Cluster/config tuning

  • Increase spark.driver.memory and spark.driver.memoryOverhead (on YARN set memoryOverhead accordingly).
  • For broadcast issues: decrease spark.sql.autoBroadcastJoinThreshold or remove broadcast() hints.
  • For many small partitions: coalesce to fewer partitions before actions (use coalesce(n) if decreasing, repartition(n) if rebalancing needed).
  • If using structured streaming with large state: enable RocksDB and tune stateStore.rocksdb.* settings; increase checkpointing.

For PySpark users

  • Avoid collect()toPandas() is especially dangerous for big datasets.
  • Use toLocalIterator() to stream partition rows to Python without loading all at once — but process and discard them rather than accumulating.

6) Example scenarios & exact config suggestions

Scenario A — Broadcast OOM

  • Symptom: OOM with TorrentBroadcast.writeBlocks.
  • Fix:
spark.conf.set("spark.sql.autoBroadcastJoinThreshold", "5MB")
# or remove broadcast hint
df.join(other_df, "key")  # let it shuffle join

Scenario B — collect() blew driver

  • Symptom: OOM right after a collect() call.
  • Fix: Use:
for part in df.toLocalIterator():
    process_and_write(part)   # stream, do not save all to list

or write to file:

df.write.mode("overwrite").parquet("/tmp/output")

Scenario C — Too many tasks

  • Symptom: driver memory climbs during scheduling; job has millions of tasks.
  • Fix:

  • Reduce partitions: df.repartition(1000) (or coalesce if only reducing and you don’t need balanced).

  • Increase spark.executor.cores or adjust parallelism.

Scenario D — Block metadata explosion

  • Symptom: Storage tab shows huge number of blocks; driver memory high.
  • Fix: df.unpersist() unused caches, or reduce cache footprint and use serialized storage level:
df.persist(StorageLevel.MEMORY_AND_DISK_SER)
df.unpersist()  # when done

7) How to debug step-by-step (practical workflow)

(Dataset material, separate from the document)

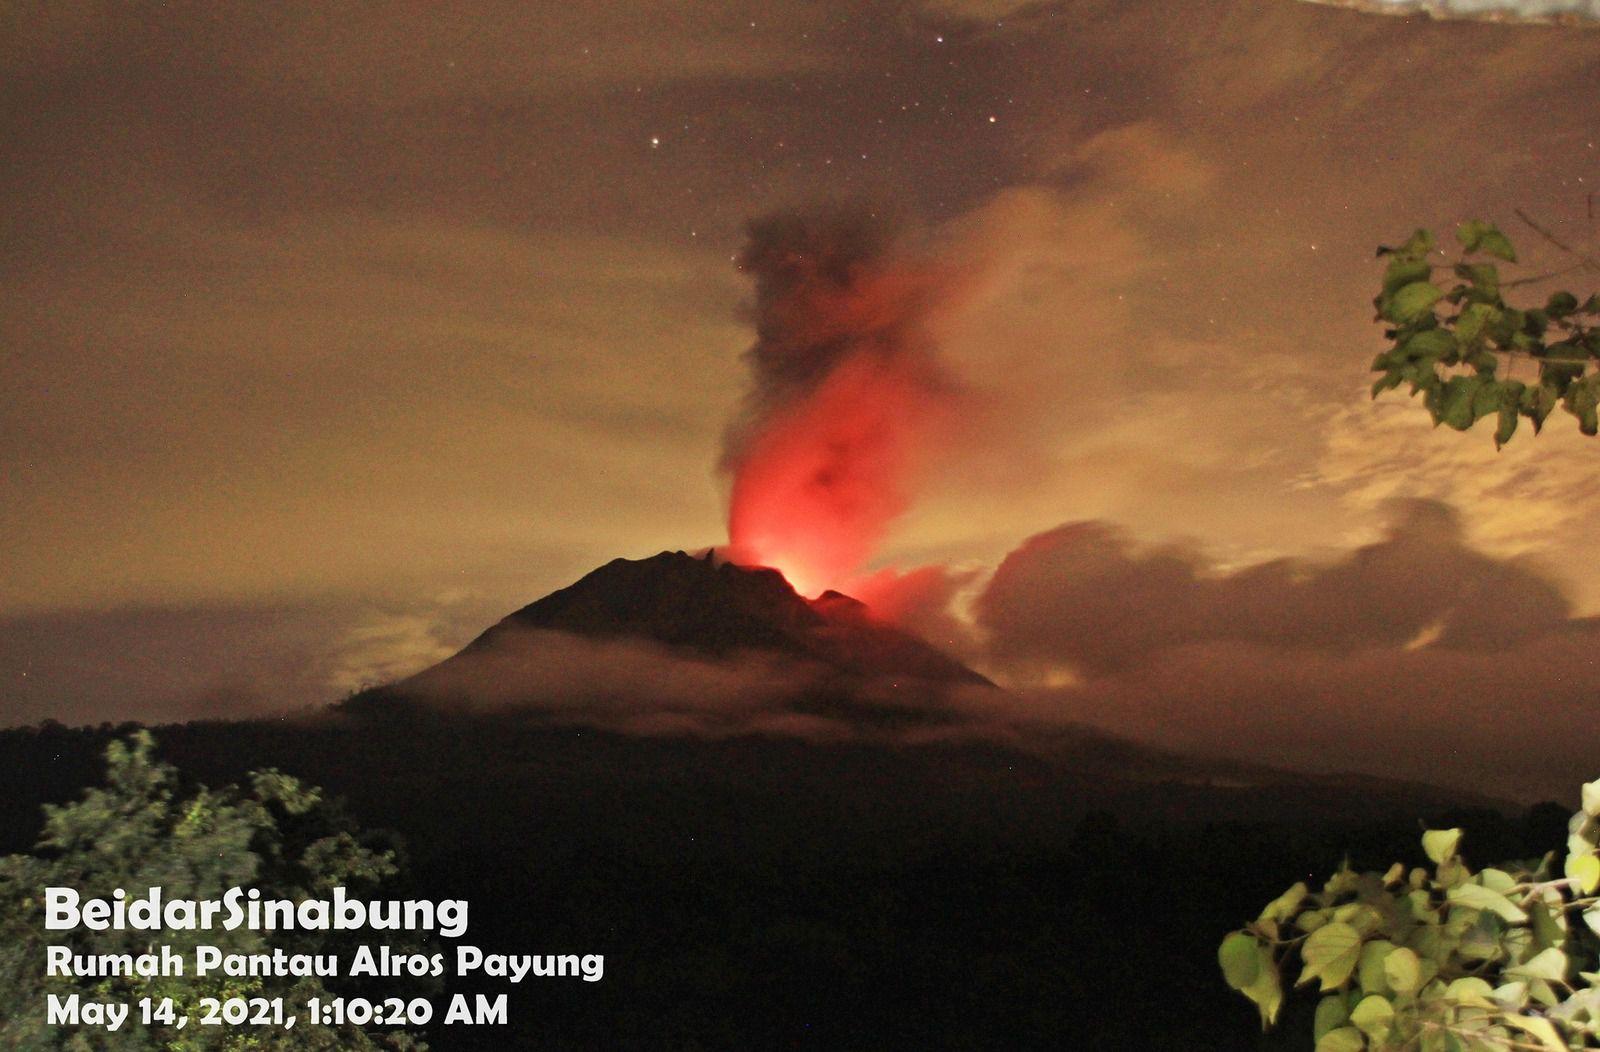 Sinabung - l'activité se poursuit ce 14.05.2021 / 01h10 - photo Beidar Sinabung

  1. Reproduce with smaller job locally or with logging turned on.
  2. Inspect Spark driver logs for stack trace.
  3. Check Spark UI:

  4. Storage (# blocks),

  5. SQL/Jobs (number of tasks, task sizes),
  6. Executors (memory usage).
  7. If broadcast suspected, check explain() and physical plan (df.explain(True) — look for BroadcastHashJoin).
  8. Dump driver heap (jmap -dump) and analyze with MAT if you can. Look for big retained objects: byte[] arrays (serialized broadcasts) or HashMaps of block metadata.
  9. Fix code/config and re-run.

8) Extra notes / gotchas

  • Client vs Cluster mode: In client mode the driver runs where you launched spark-submit (edge node). If that node is small you’ll OOM easily. Prefer cluster mode in prod.
  • Driver vs Executor OOM: Executors OOM during task processing; driver OOM usually due to driver responsibilities (collection, broadcast, metadata). Different fixes.
  • Off-heap memory: Spark (Tungsten) can use off-heap memory. Driver JVM heap OOM is different from OS OOM. Check overall process RSS if native memory also grows.
  • Spark History / UI retention: Long-running apps accumulate a lot of in-memory history/history server metadata — may increase memory usage.

9) Quick checklist (what to try first)

  • Did I call collect()/toPandas()? If yes, remove/limit it.
  • Is a broadcast happening? Check df.explain(True). Lower spark.sql.autoBroadcastJoinThreshold.
  • Are there millions of partitions/tasks? Repartition/coalesce.
  • Are many DataFrames cached? Unpersist unused caches or change storage level.
  • Increase spark.driver.memory if legitimately needed.
  • For streaming, enable RocksDB for heavy state, and tune watermark/timeToLive.

Example decision trees for common symptoms

Symptom: java.lang.OutOfMemoryError with TorrentBroadcast in stack. → Cause: broadcast too large. → Quick fix: spark.conf.set("spark.sql.autoBroadcastJoinThreshold", "10MB") or remove broadcast hint.

Symptom: OOM after calling df.collect() or df.toPandas() → Don’t collect entire dataset. Use streaming writes or toLocalIterator() + process.

Symptom: Driver memory slowly climbs during scheduling of a huge job (many tasks) → Reduce partitions; increase driver memory; break job into smaller batches.